I have worked further on it and have found further digits upto the 143rd place.I have shown below the sequence in successive rows -each row starting with 0.
0..........................................................................................contains 1 number
0..........................................................................................contains 1.number.
0,1.......................................................................................contains 2 numbers
0,2,1....................................................................................contains 3 numbers
0,3,2,1,4...............................................................................contains 5 numbers
0,5,3,2,6,1,7,4......................................................................contains 8 numbers
0,8,5,3,9,2,10,6,1,11,7,4,12.................................................contains 13 numbers
0,13,8,5,14,3,15,9,2,16,10,6,17,1,18,11,7,19,4,20,12.........contains 21 numbers
0,21,13,8,22,5,23,14,3,24,15,9,25,2,26,16,10,27,6,28,17,1,29,18
                11,30,7,31,19,4,32,20,12,33................................contains 34 numbers.

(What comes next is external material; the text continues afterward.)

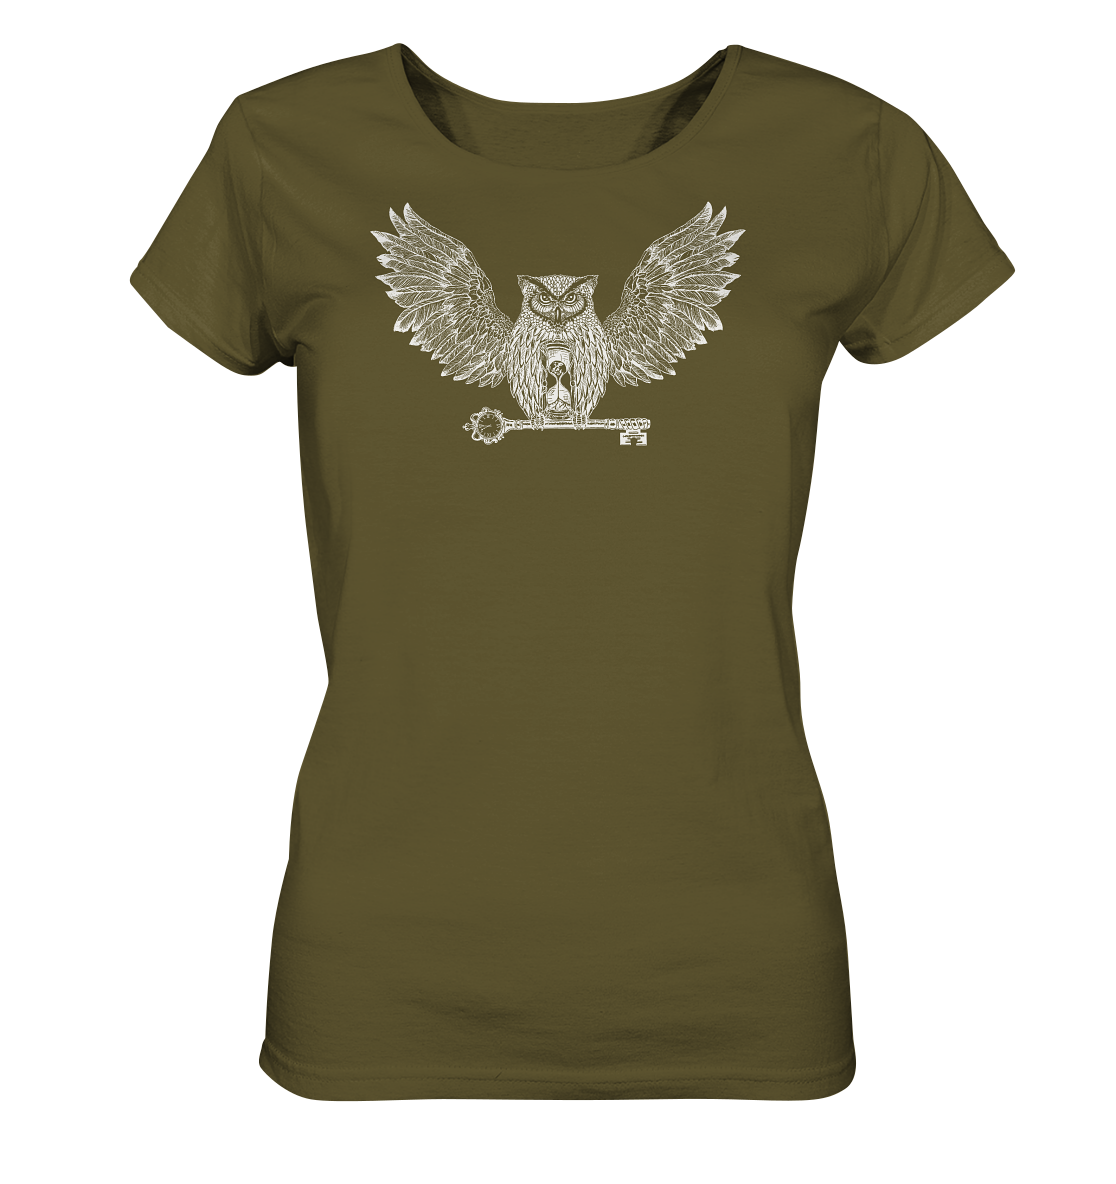 front-ladies-organic-shirt-5e5530-1116x-4.png

The total no of items in each group is 1,1,2,3,5,8,13,21,34..These numbers are part of a sequence called Fibonnaci number sequence,where starting from the 3rd item the successive numbers work out as the sum of the previous 2 numbers.
The next group which should contain 55 items(21+34) has not been shown by me.This group also starts with 0 (like the previous groups)and contains 33 as the last item.

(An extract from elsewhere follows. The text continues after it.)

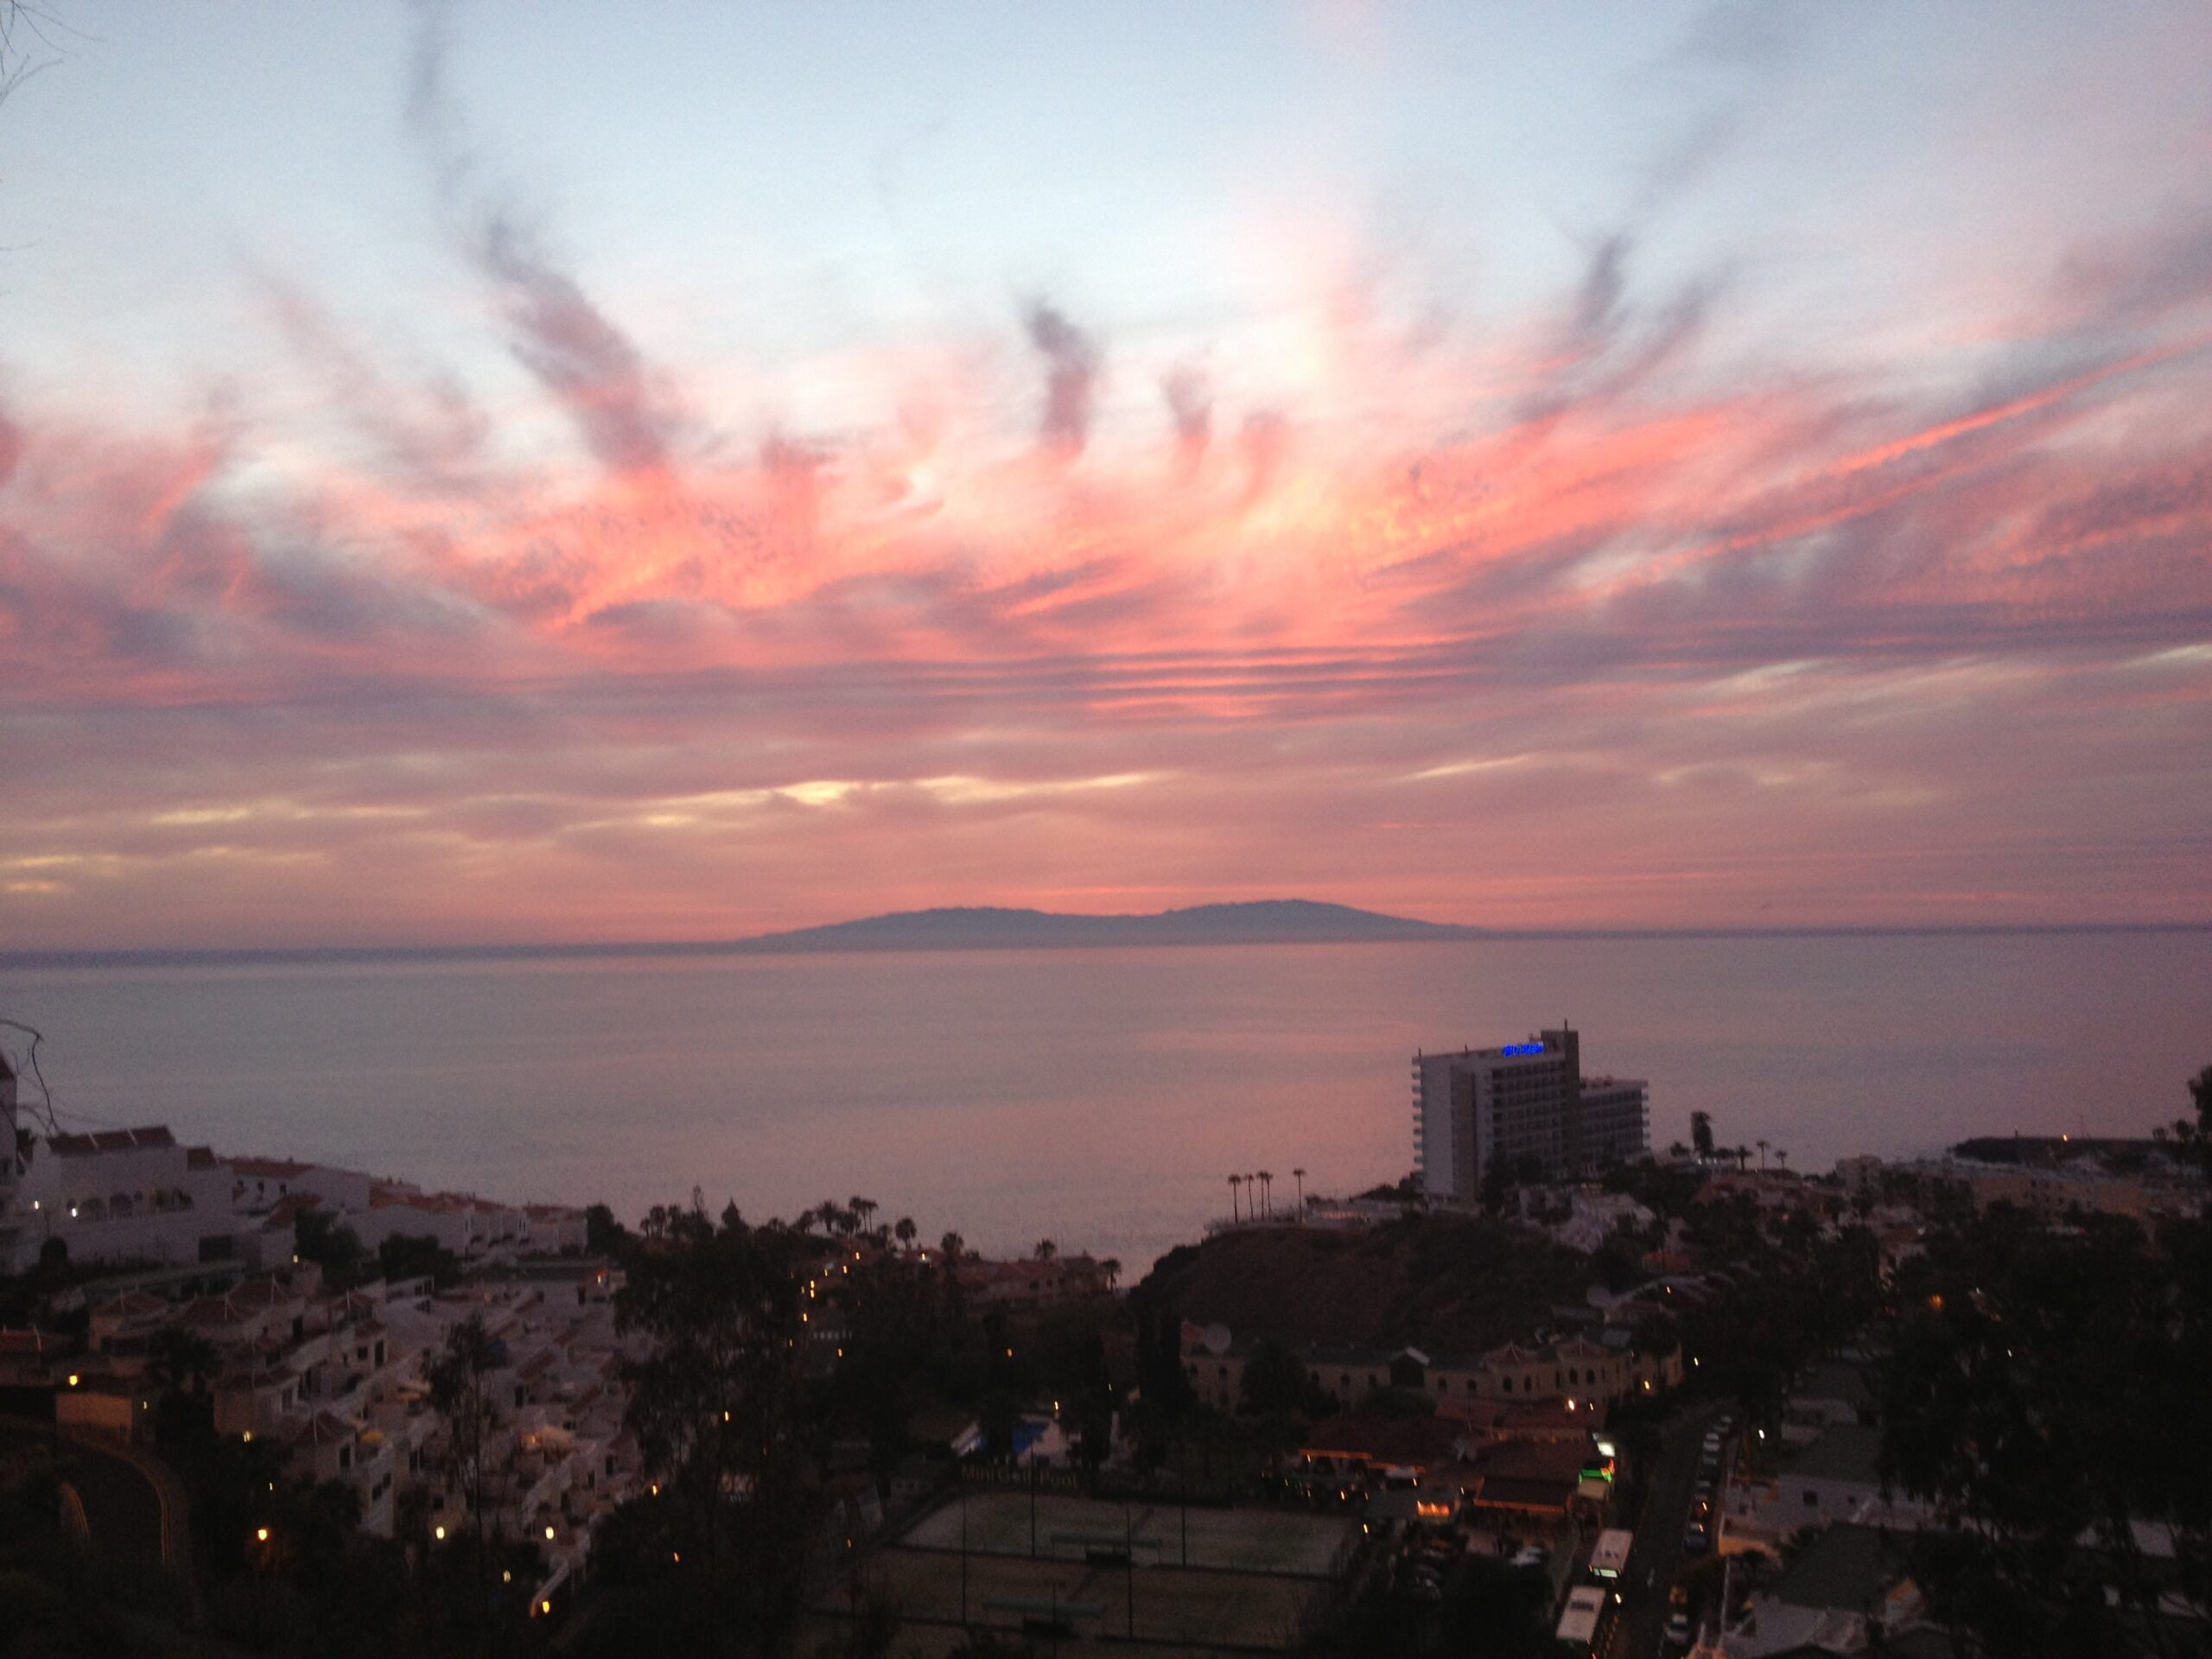 Юго-Запад Тенерифе: Плая-де-ла-Арена и Лос-Гигантес

In the full sequence,the digit 1 occurs at places   4,7,11,18,29,47,76,123  etc etc.Call this group A
The digit 2 occurs at places 6,10,16,26,42,68,110 etc.etc.Call this group B
In both these groups cach number commencing from the 3rd works out as the sum of the previous 2 numbers..Likewise you can have groups for digits 3,4,5,6 etc etc.
A small digression  relating to digits/numbers occuring at various places-one sample-
In the full sequence the number 13 occurs at place 35 for the first time.
                                               18            at place 48
                                               26            at place 69
                                         and 39           at place 103.
You can see that the differences regarding the number and the places are 5,8,13 and 13,21,34 which are numbers in the Fibonnaci sequence.The next numbers in this sequence are 55 and 89.
So you will find that the number 60 (which is 21 places above 39) will occur at place 158(which is 55 more than 103).Similarly 94 (which is 34 places above 60)will occur first at place 247(which is 89 more than 158). 

Prime numbers-in several forms

Take the number 1373
This has an interesting feature
Take each digit,or take two digits at a time in the same order,or 3 digits at a time in the same order or all 4 digits together they are all primes viz
1,3,7,3
13,37,73
137,373
1373 -all are primes
Can you find some more 4 digit numbers like this?